Be aware that the character strings in the documents are translated to the encoding of the current locale if the encoding is set (see Encoding). Therefore, with the possibility of "unknown" encodings when in an "UTF-8" locale, or invalid "UTF-8" strings declared to be in "UTF-8", the code checks if each string is a valid "UTF-8" string and stops if not. Otherwise, strings are processed bytewise without any checks. However, embedded nul bytes are always removed from a string. Finally, note that during incremental counting a change of locale is not allowed (and a change in method is not recommended).

Note that the C implementation counts words into a prefix tree. Whereas this is highly efficient for n-gram, prefix, or suffix counting it may be less efficient for simple word counting. That is, implementations which use hash tables may be more efficient if the dictionary is large.

format.textcnt pretty prints a named vector of counts (see below) including information about the rank and encoding details of the strings.

Value

Either a single vector of counts of mode integer with the names indexing the patterns counted, or a list of such vectors with the components corresponding to the individual documents. Note that by default the counts are in prefix tree (byte) order (for method = "suffix" this is the order of the reversed strings). Otherwise, if decreasing = TRUE the counts are sorted in decreasing order. Note that the (default) order of ties is preserved (see sort).

Note

The C functions can be interrupted by CTRL-C. This is convenient in interactive mode but comes at the price that the C code cannot clean up the internal prefix tree. This is a known problem of the R API and the workaround is to defer the cleanup to the next function call.

The C code calls translateChar for all input strings which is documented to release the allocated memory no sooner than when returning from the .Call/.External interface. Therefore, in order to avoid excessive memory consumption it is recommended to either translate the input data to the current locale or to process the data incrementally.

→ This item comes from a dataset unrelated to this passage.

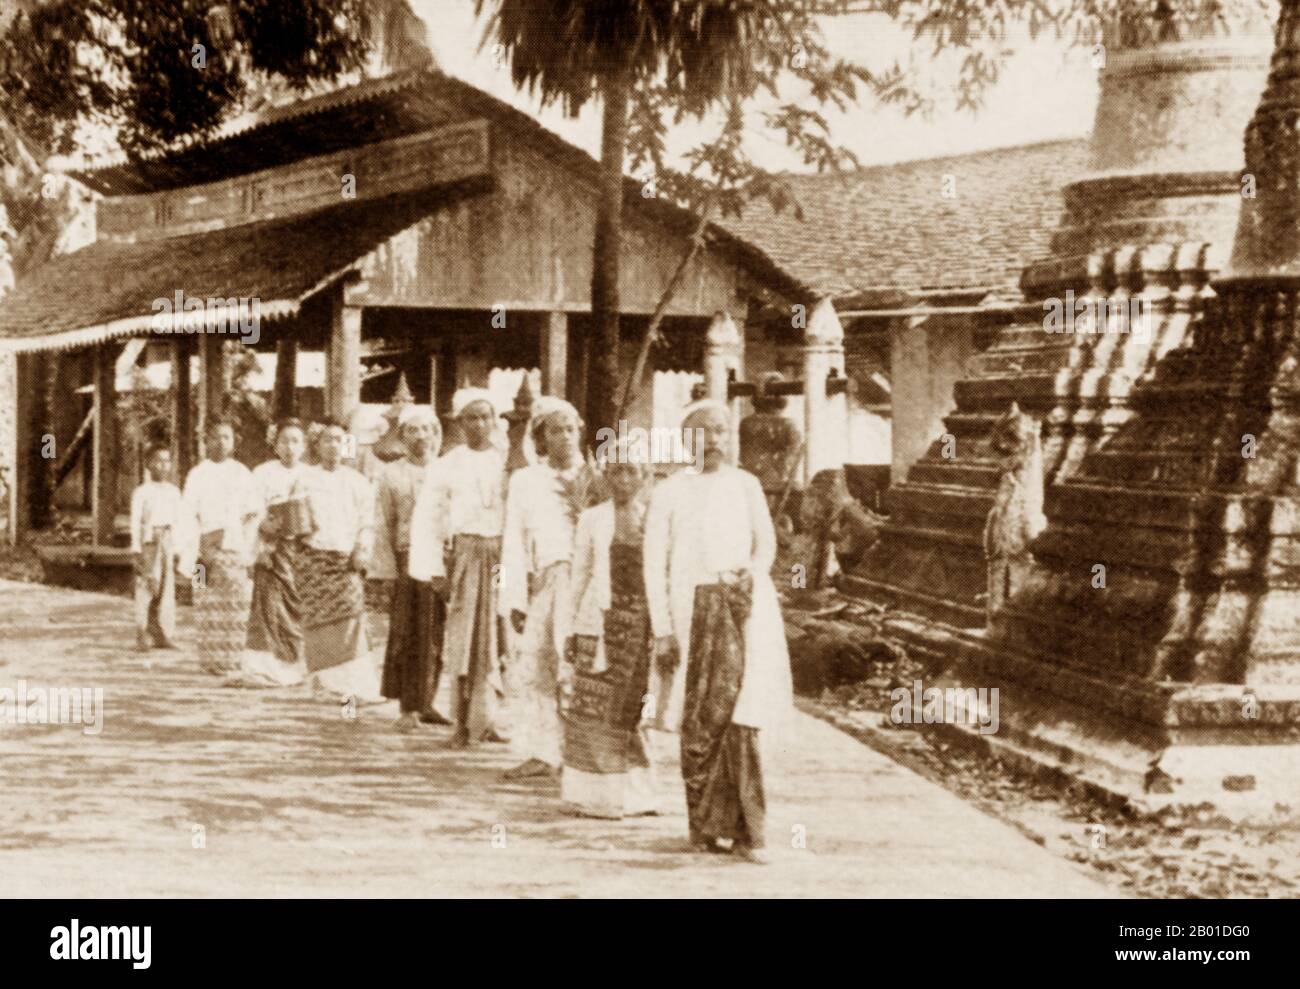 Birmanie : un homme birman de haut rang, suivi de sa famille, quitte un temple bouddhiste, vers 1892-1896. La légende attribue la première doctrine bouddhiste en Birmanie à 228 BCE lorsque Sonna et Uttara, deux ambassadeurs de l'empereur Ashoka le Grand de l'Inde, sont venus au pays avec des textes sacrés. Cependant, l'ère d'or du bouddhisme a vraiment commencé dans le 11th siècle après que le roi Anawrahta de Pagan (Bagan) a été converti au bouddhisme Theravada. Aujourd'hui, 89% de la population birmane est bouddhiste Theravada. Banque D'Images

useBytes may not be fully functional with R versions where strsplit does not support that argument.

If useBytes = TRUE the character strings of names will never be declared to be in an encoding.

Author(s)

Christian Buchta

References

W.B. Cavnar and J.M. Trenkle (1994). N-Gram Based Text Categorization. In Proceedings of SDAIR-94, 3rd Annual Symposium on Document Analysis and Information Retrieval, 161–175.

Examples

## the classic
txt <- "The quick brown fox jumps over the lazy dog."

##
textcnt(txt, method = "ngram")
textcnt(txt, method = "prefix", n = 5L)

r <- textcnt(txt, method = "suffix", lower = 1L)
data.frame(counts = unclass(r), size = nchar(names(r)))
format(r)

## word sequences
textcnt(txt, method = "string")

## inefficient
textcnt(txt, split = "", method = "string", n = 1L)

## incremental
textcnt(txt, method = "string", persistent = TRUE, n = 1L)
textcnt(txt, method = "string", n = 1L)

## subset
textcnt(txt, method = "string", words = 5L, n = 1L)

## non-ASCII
txt <- "The quick br\xfcn f\xf6x j\xfbmps \xf5ver the lazy d\xf6\xf8g."
Encoding(txt) <- "latin1"
txt

## implicit translation
r <- textcnt(txt, method = "suffix")
table(Encoding(names(r)))
r
## efficient sets
textcnt("is",     n = 3L, marker = "\1")
textcnt("is",     n = 4L, marker = "\1")
textcnt("corpus", n = 5L, marker = "\1")
## CT sets
textcnt("corpus", n = 5L, marker = "\2")

Preprocessing of Text Documents

Description

Functions for common preprocessing tasks of text documents,

Usage

tokenize(x, lines = FALSE, eol = "\n")
remove_stopwords(x, words, lines = FALSE)

Arguments

x

a vector of character.

eol

the end-of-line character to use.

words

a vector of character (tokens).

lines

assume the components are lines of text.

Details

tokenize is a simple regular expression based parser that splits the components of a vector of character into tokens while protecting infix punctuation. If lines = TRUE assume x was imported with readLines and end-of-line markers need to be added back to the components.

remove_stopwords removes the tokens given in words from x. If lines = FALSE assumes the components of both vectors contain tokens which can be compared using match. Otherwise, assumes the tokens in x are delimited by word boundaries (including infix punctuation) and uses regular expression matching.

Value

The same type of object as x.

Author(s)

Christian Buchta

Examples

txt <- "\"It's almost noon,\" [email protected] said."
## split
x <- tokenize(txt)
x
## reconstruct
t <- paste(x, collapse = "")
t

if (require("tm", quietly = TRUE)) {
    words <- readLines(system.file("stopwords", "english.dat",
                       package = "tm"))
    remove_stopwords(x, words)
    remove_stopwords(t, words, lines = TRUE)
} else
    remove_stopwords(t, words = c("it", "it's"), lines = TRUE)